An extended, 18-month examination cycle will apply to more banks under joint interim final rules issued Thursday by federal banking regulators and set to take effect upon publication in the Federal Register.
The rules implement a provision of the Economic Growth, Regulatory Relief, and Consumer Protection Act (EGRRCPA, S. 2155), which won final passage in Congress and was signed by the president in May. The act applies an 18-month exam cycle to banks with less than $3 billion in assets, up from the current $1 billion threshold.
The regulators – Federal Reserve Board, Office of the Comptroller of the Currency (OCC) and Federal Deposit Insurance Corp. (FDIC) – issued a joint release Thursday on the interim final rules, which will also be out for a 60-day comment period.
Like the current requirement, the extended cycle under this interim final rule provides that an exam will be conducted for a qualified institution with less than $3 billion in assets “not less than once” during an 18-month period (instead of not less than once in a 12-month period). A “qualified” bank generally is well capitalized and well managed, the agencies note.
Currently, a bank under $1 billion must have an “outstanding” composite rating to qualify for an extended, 18-month exam cycle.
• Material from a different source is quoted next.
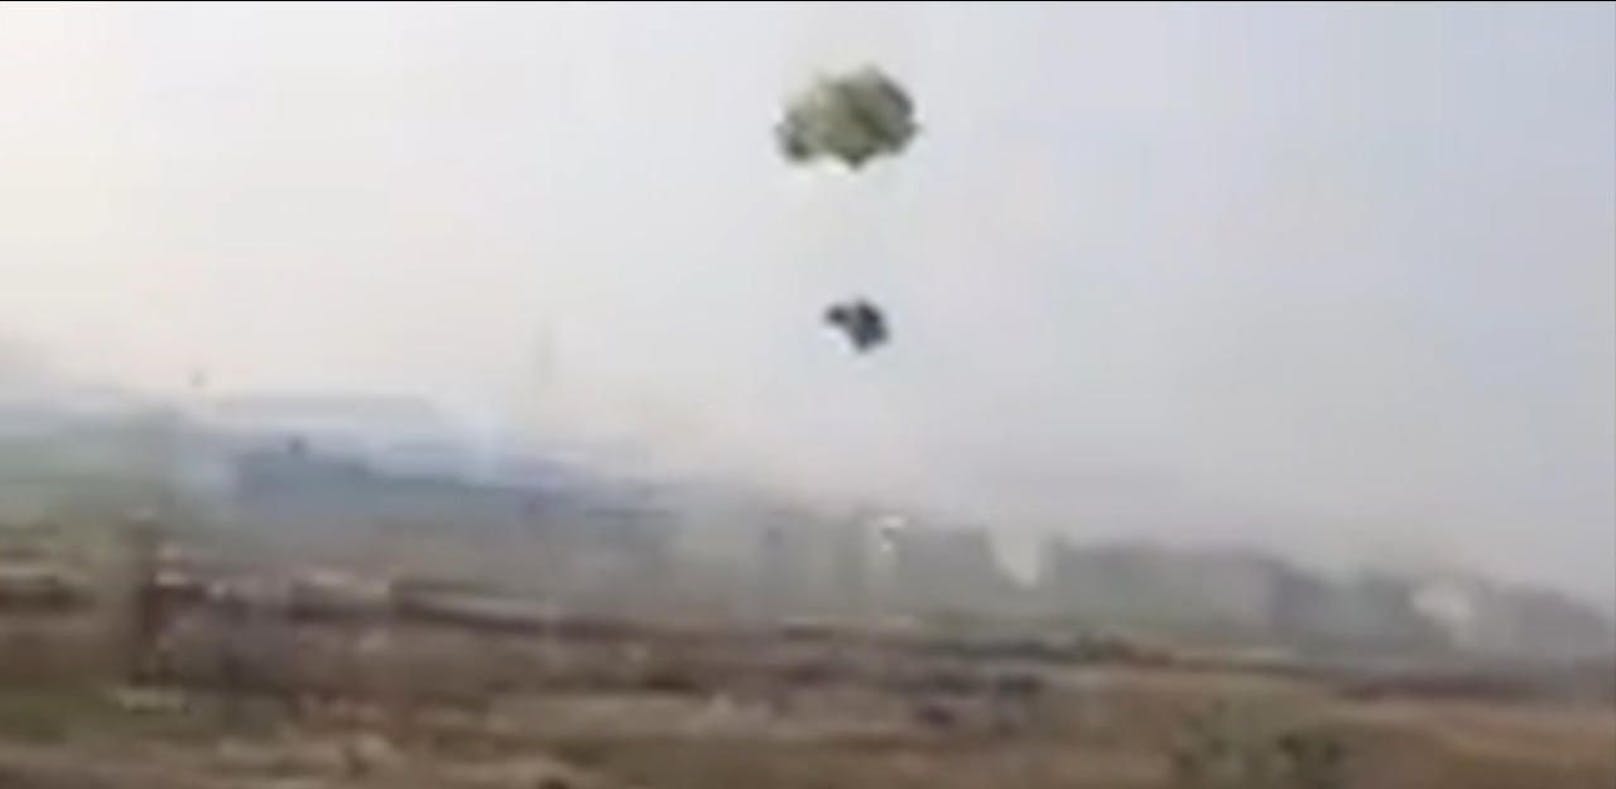 Draufgänger-Huhn springt mit Fallschirm aus Flieger

Under the interim rule, and through the exercise of the agencies’ current, discretionary statutory authority, qualifying banks under $3 billion that have an “outstanding” or “good” composite rating will be eligible for the extended cycle.
The agencies also note that, in order to qualify for an 18-month examination cycle, any insured depository institution with total assets under $3 billion – including one with a composite rating of “good” – must meet other capital, managerial, and supervisory criteria (set forth in section 10(d) of the Federal Deposit Insurance Act and the agencies’ implementing regulations).
The agencies say an estimated 420 banks and savings associations could qualify for the extended cycle under the interim final rule, which would bring the total number eligible to 4,798. About 33 U.S. branches and agencies of foreign banks would also be eligible, they said.